Task details >>
Below, locate the line that contains "IMBOLC ORACLE CARDS, 5". Repeat exactly from that line to the line that contains "Bratwurst sausages being", inclusive, leaving out the pictures.

Supplied information >>
————————

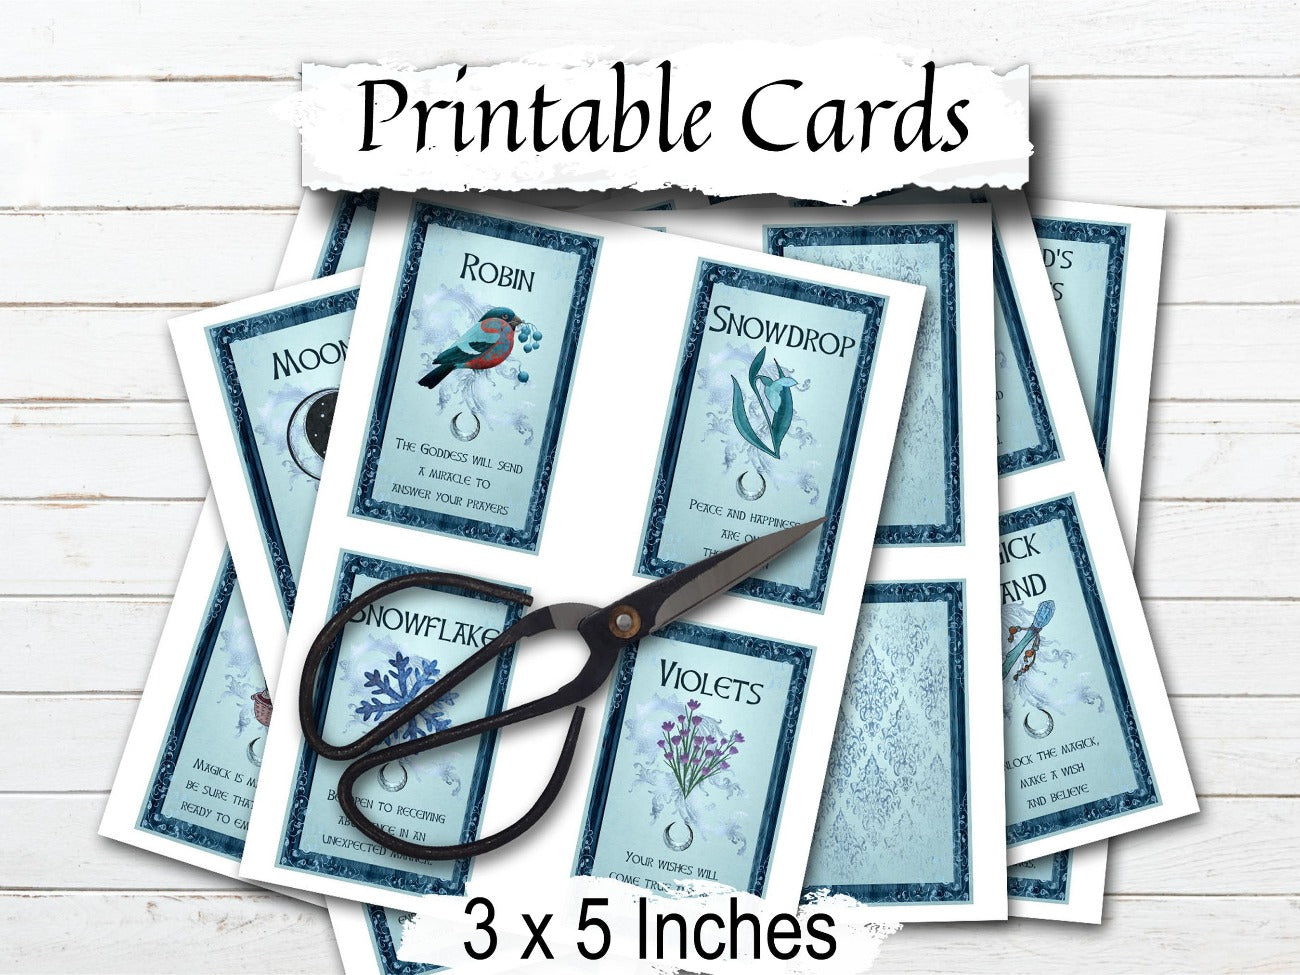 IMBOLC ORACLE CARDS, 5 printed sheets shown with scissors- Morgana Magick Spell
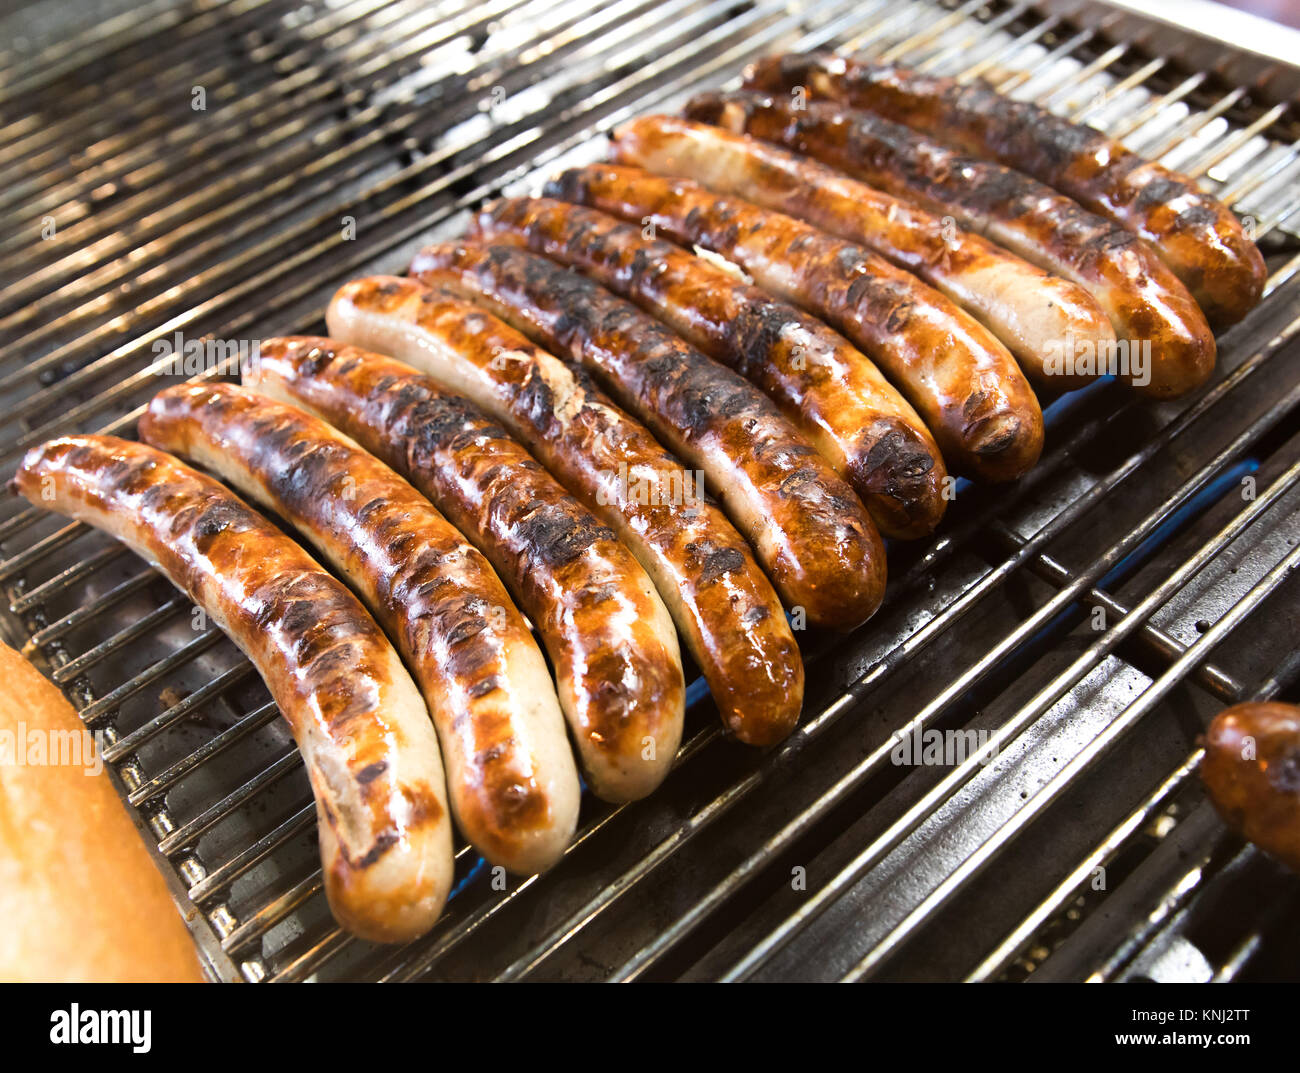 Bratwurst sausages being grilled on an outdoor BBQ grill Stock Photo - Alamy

————————

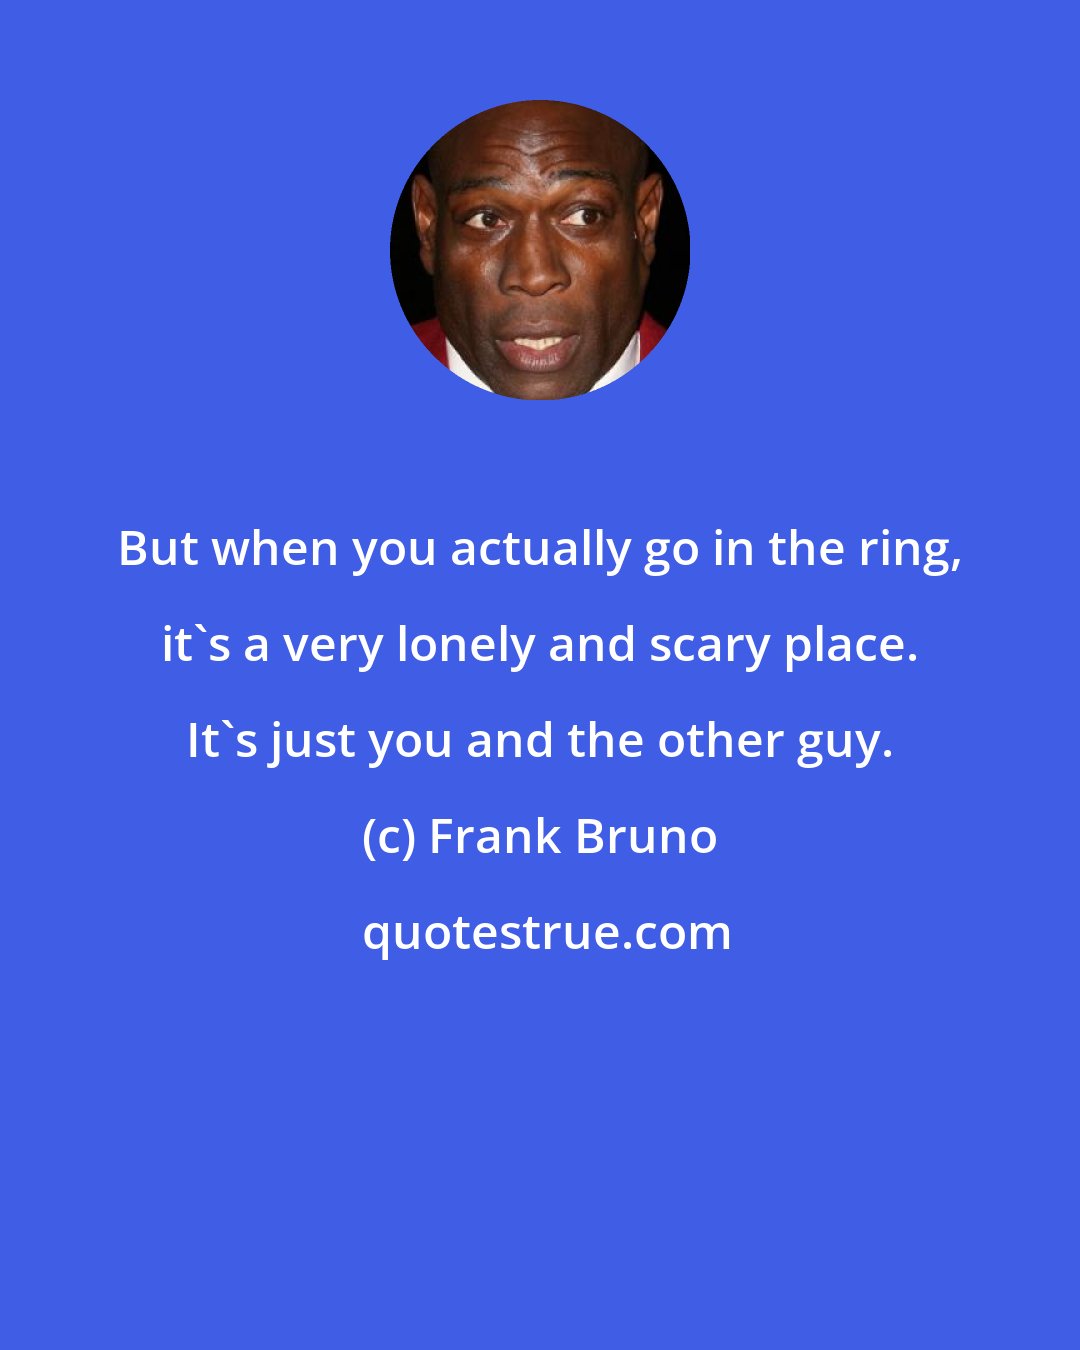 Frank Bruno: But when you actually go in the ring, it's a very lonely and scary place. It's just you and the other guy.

————————

Task result >>
 IMBOLC ORACLE CARDS, 5 printed sheets shown with scissors- Morgana Magick Spell
 Bratwurst sausages being grilled on an outdoor BBQ grill Stock Photo - Alamy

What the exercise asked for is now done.